Uzbekistan is obviously taking a different route towards its security dependence and independence within Central Asia. I think that Uzbekistan?s contributions to ISAF are important because of transportation routes are a contribution. At the same time as well Tashkent has made some decisions about its relationship with Moscow and its neighbours. And so it seems to be trying to choose a path that is more independent of any security body. We have to remember that the CSTO suspended Uzbekistan and that was significant. And at the same time you do see Uzbekistan participating more in the Shanghai Cooperation Organization. This ultimately suggests its separation from Russia proper in terms of security cooperation through an institution such as the CSTO, the Shanghai Cooperation Organization is indeed much loser.

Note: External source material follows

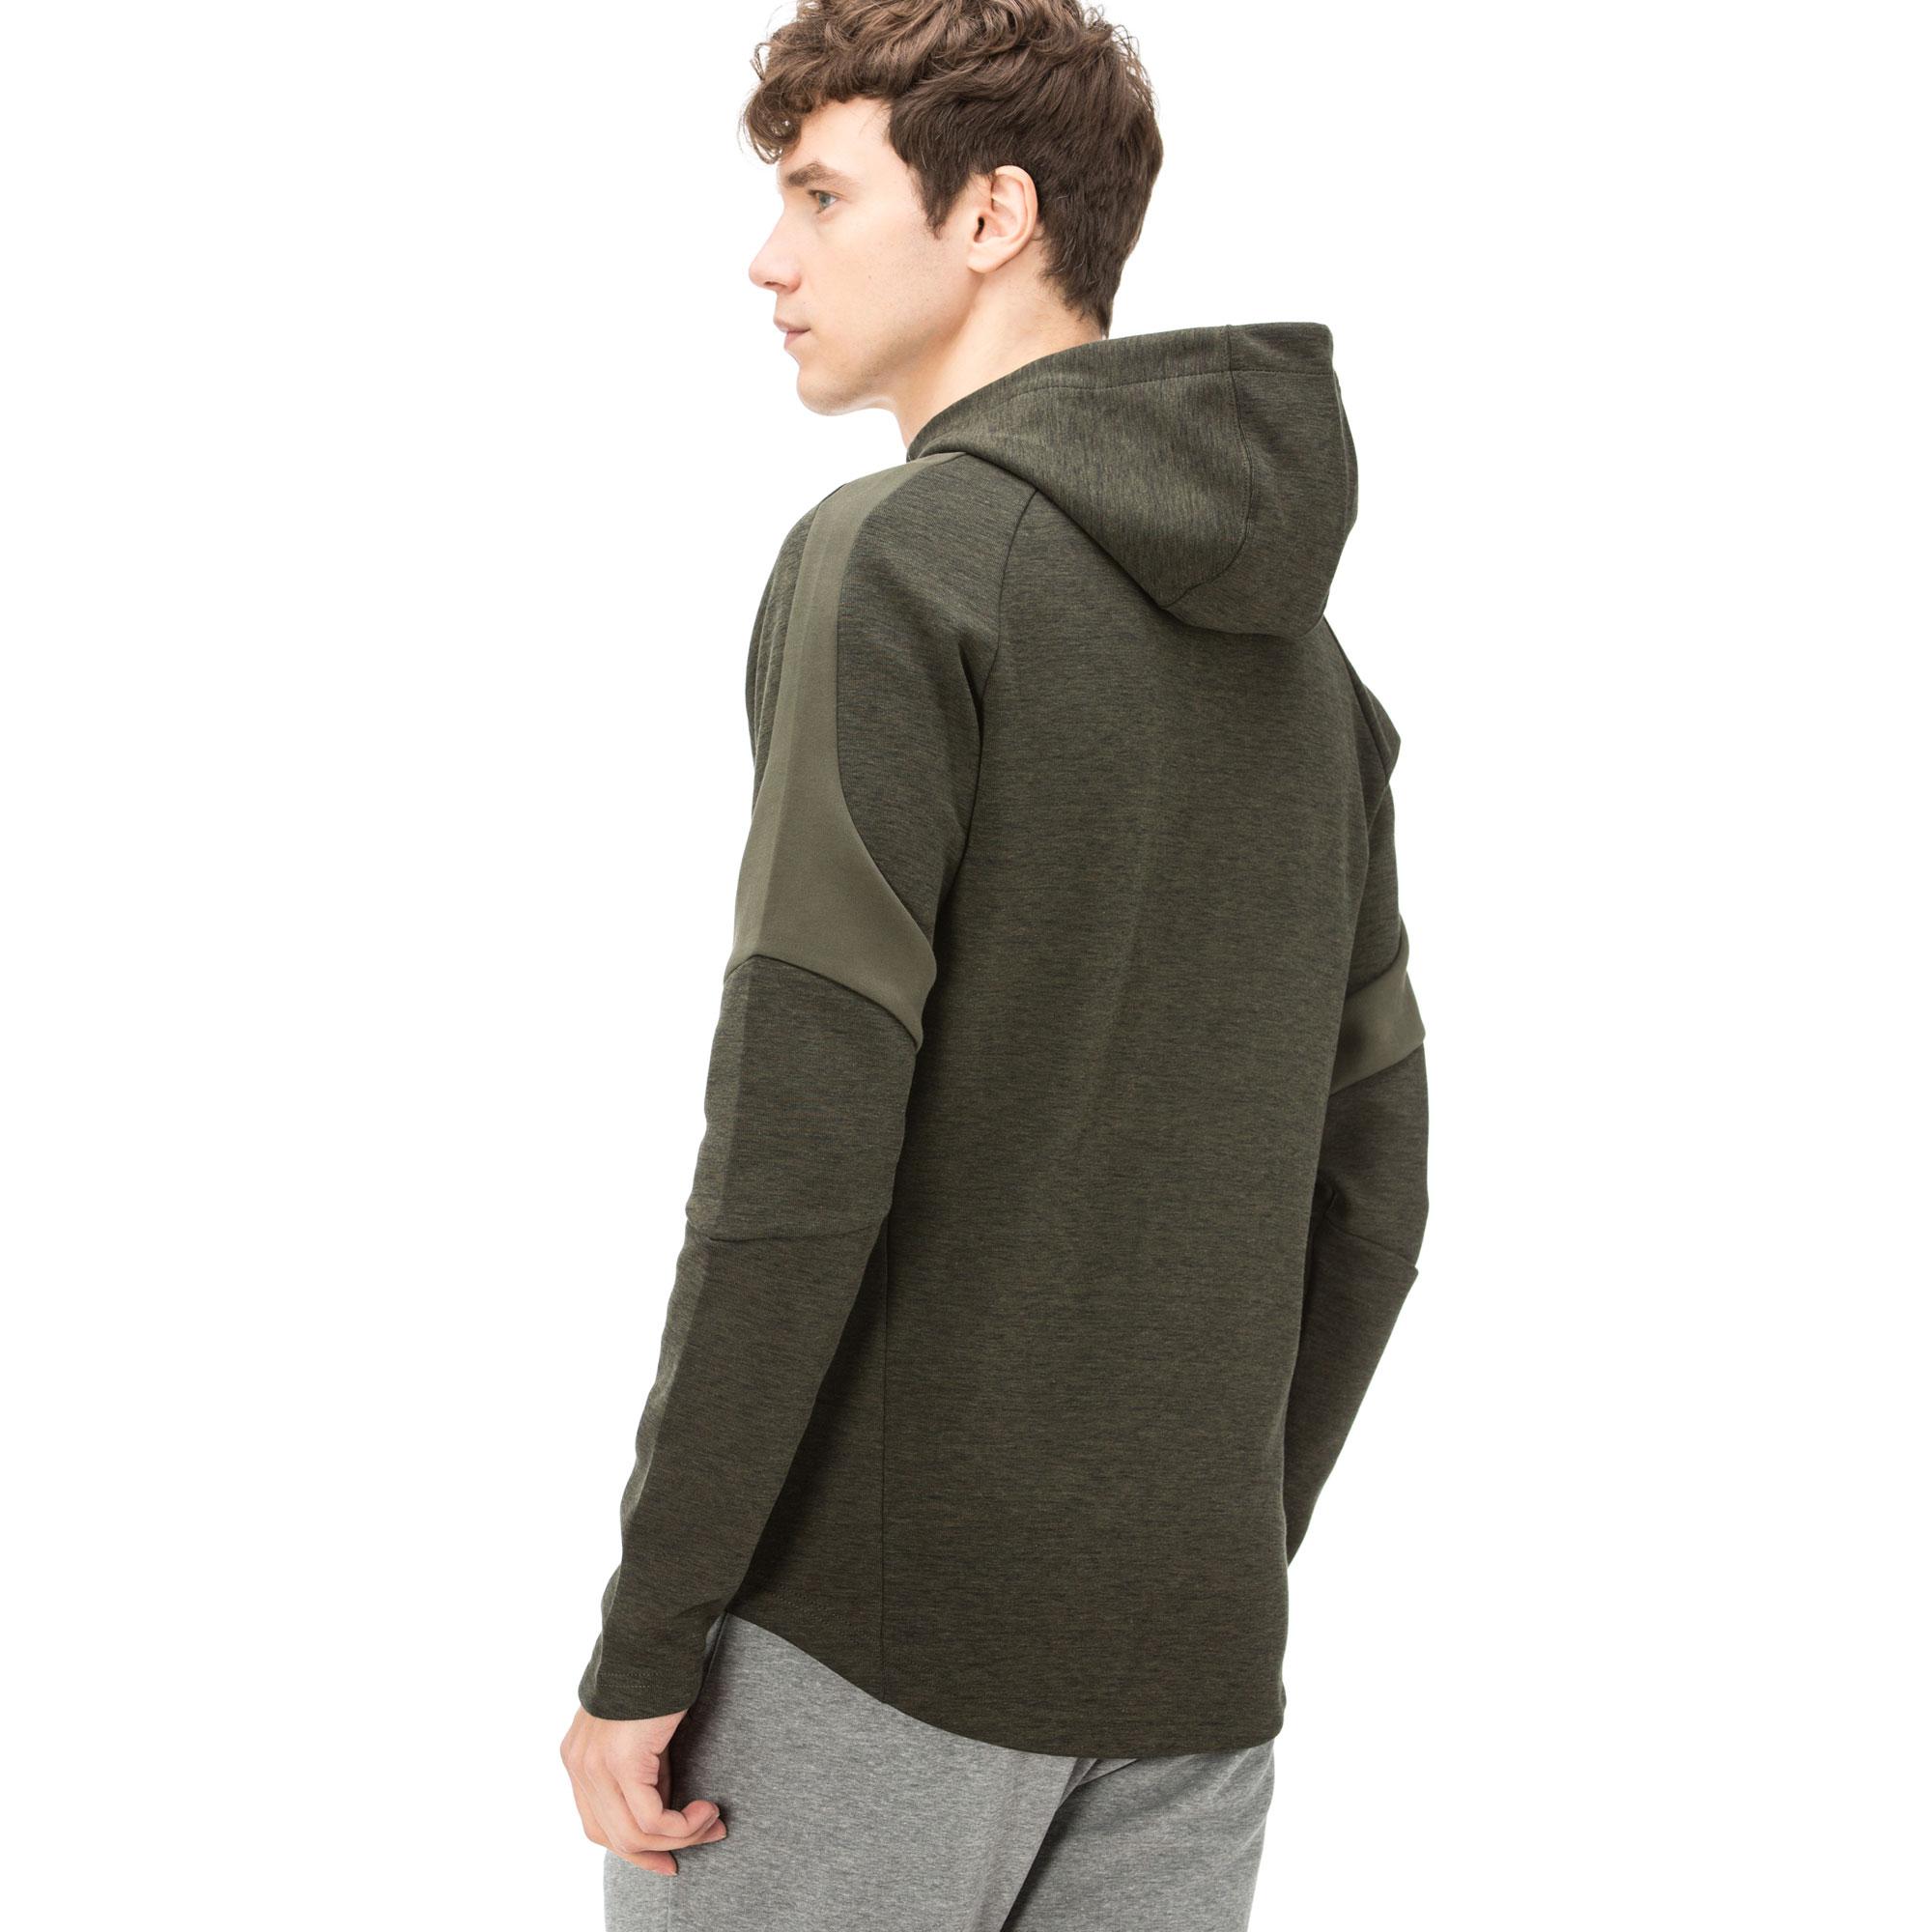 Puma Evostripe Erkek Yeşil Kapüşonlu Fermuarlı Sweatshirt

And in this situation another bit to surface is that Uzbekistan is considering keeping part of the military equipment which is not exactly the radars but rather some kinds of armaments of the ISAF. Would that actually contribute to the security in the region, given the nature of border between Uzbekistan and Afghanistan?

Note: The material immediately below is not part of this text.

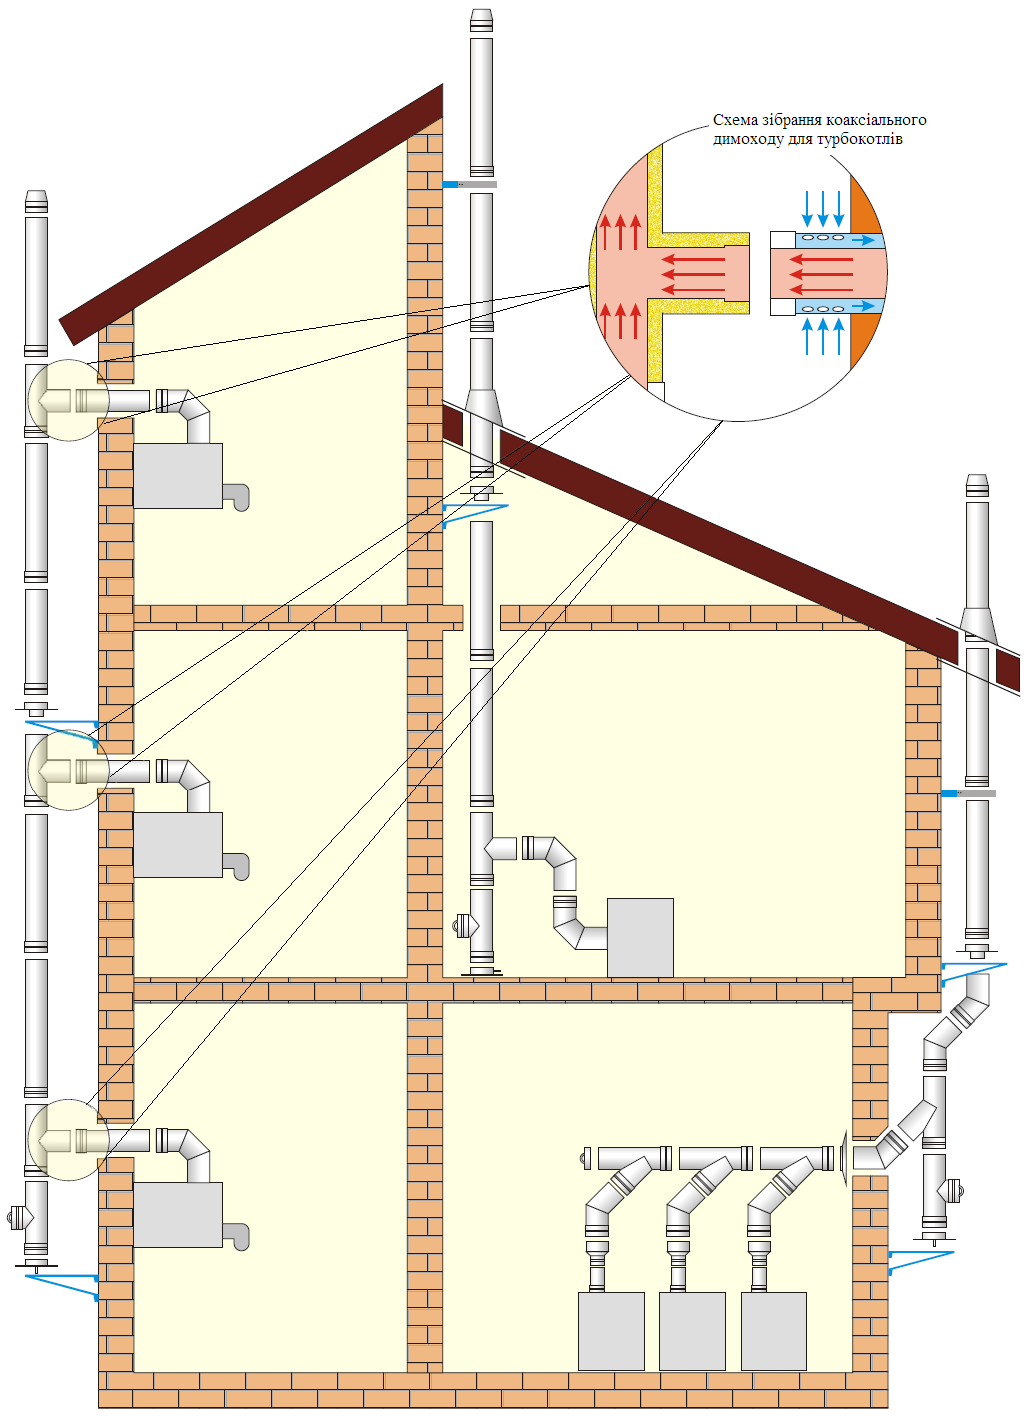 схема коаксіального димоходу для турбокотлів

I think that this is an important development when countries or organizations like ISAF leave equipment behind. We saw the Americans leave a lot of the equipment behind in Iraq. This is going towards the same type of idea but the point here is which type of equipment will be left behind in Uzbekistan. I think Uzbekistan is preparing for the post 2014 period when ISAF is supposed to be out of Afghanistan. Uzbekistan will be the principal point of impact for any type of militancy to destabilize one of the Central Asian countries and that of course is the leadership in Tashkent.
But how would you assess the security situation in Uzbekistan and the role of Islamist forces in that country? Because there are all kinds of controversial assessments.
It is very controversial. Uzbekistan, as we know, uses a lot of force when it comes to dissent. There are major dissenters who are arrested and put on trial. You do have uprisings every once in awhile regarding the Islamists. There is a serious problem in Uzbekistan when it comes to the governance of the President Karimov and his group. And the Islamists are seeking to overturn that order. So, it is a situation where the water is almost boiling and sometimes it does spillover. And we?d had attacks in the past that have killed a number of innocent people as well as armed force being used against Islamic radicals in the eastern part of the country. So, I don?t think that this is going to stop.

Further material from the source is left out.